= CIH 541 =

Arabian inscription, dated 548 CE

CIH 541, or the Marib Dam stele, is a pre-Islamic Arabian inscription dated to 548 CE and written in Sabaic. It was commissioned by Abraha, the ruler of the Himyarite Kingdom, to symbolize the consolidation of his power. It's his longest inscription, running up to 136 lines.

CIH 541 describes a plague that struck the Himyarite Kingdom, which some have interpreted as evidence for the spread of the Plague of Justinian into pre-Islamic Arabia. The inscription contains the final archaeological reference to the Marib dam before its ultimate demise, describing the lengthy efforts Abraha went to in order to commission its repair including by: supplying 50,806 measures of flour, 26,000 measures of dates, 3,000 cattle worth of meat, 7,200 small stock, 300 camel loads of wine, and 11,000 measures of date wine. The inscription is also known for being the last extant inscription to refer to the family that once ruled Sheba.

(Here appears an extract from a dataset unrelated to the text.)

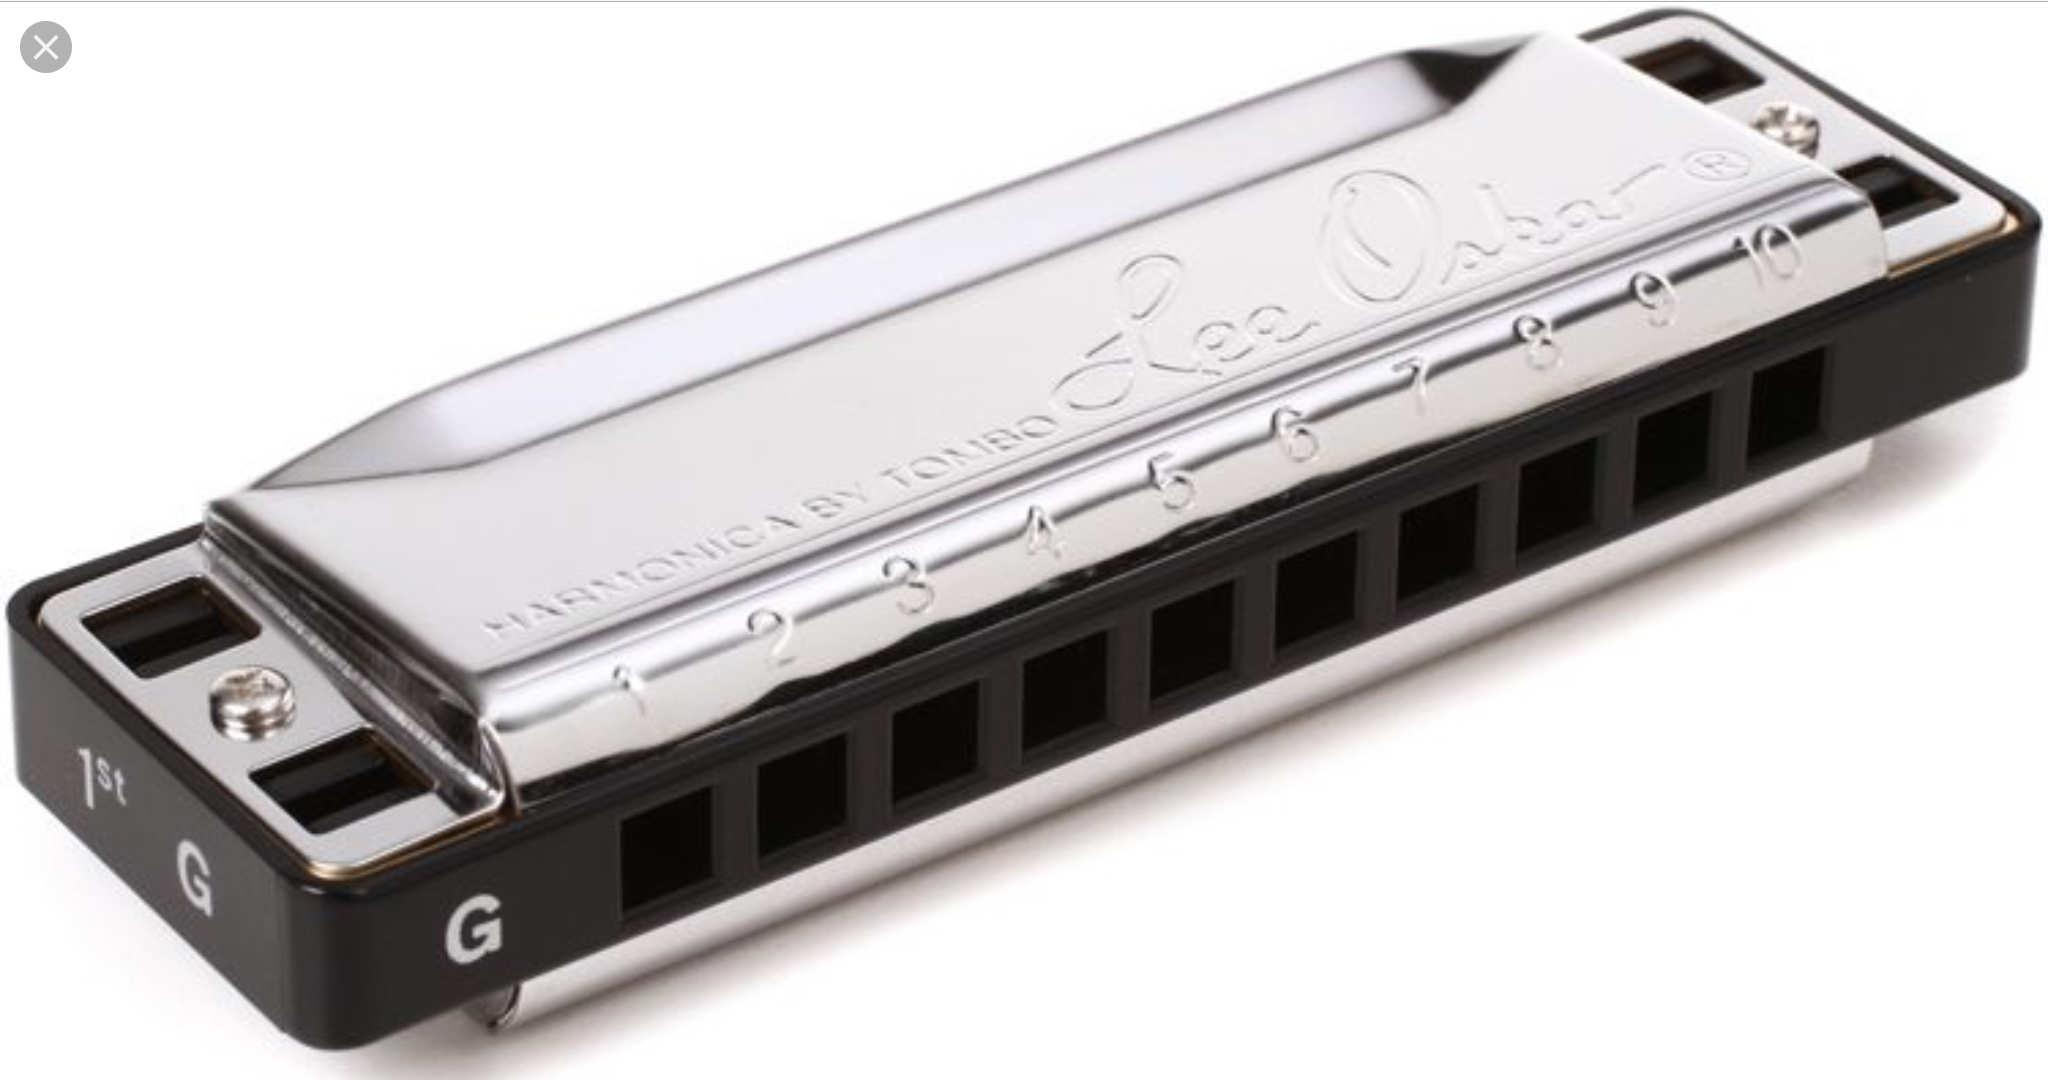 Blues harmonica sounds - Thumbjam? Sampletank? Anything else

Abraha's name on the fourth line of the inscription has been damaged or excised. This is thought to reflect the wish by some in later periods to wipe out memory of Ethiopian rule over South Arabia. A reference is made to a church in Marib; this same church appears to be identified in an earlier inscription X.BSB 74, whose date indicates that this church already existed during the invasion of South Arabia by Kaleb of Axum in 525, indicating some degree of continuity for the Christian community at Marib.

CIH 541 has been used in Quranic studies to contextualize the vocabulary of the Quran. CIH 541 is the only pre-Islamic source to use a cognate of the Quranic word for a messenger, rasūl, in the section describing a conference hosted by Abraha that received delegations from Ethiopia, Byzantium, Persia, and the Ghassanids (lines 87–92). The word is used for the Ghassanid delegation, with other terms being used for the other delegations. In CIH 541, the word is used to refer to a political office: a diplomatic representative or messenger. This secular sense of a messenger contrasts with the religious sense that the term takes on in the Quran. CIH 541 also has a cognate of the Quranic term khalīfa, denoting a successor or an earthly ambassador. The only pre-Islamic inscription where a cognate for this term appears besides CIH 541 is Ry 506, also set up by Abraha. In these inscriptions, the cognate denotes someone with in the political office of a governor, although their status is inferior to that of Abraha himself. In CIH 541, Abraha is said to appointed someone as a khlft for Kinda.

== Content ==
The chronological contents of the inscription are as follows:

- A Trinitarian thanksgiving formula (lines 1–3)
- A reference to Abraha (4), his titles (4–6) and dominions (6–8)
- A rebellion that Abraha subdued (9–55)
- Repair of the Marib dam (55–61)
- Celebration of a mass in a church (65–67)
- Description of a plague (72–75)
- Some of Abraha's military campaigns (76–80) after which he describes returning to Marib (80–87)
- A delegation that involved the assembly of diplomats from Ethiopia, Byzantium, Persia, and the Arab kingdoms at a conference (87–92)
- More about the plague, rebuilding of the Marib dam, the mass celebration (92–117)
- A detailed list of provisions (118–136)

CIH 541 has also been linked with a closely related inscription found in the same building, DAI GDN 2002–20, which is another 41 lines long.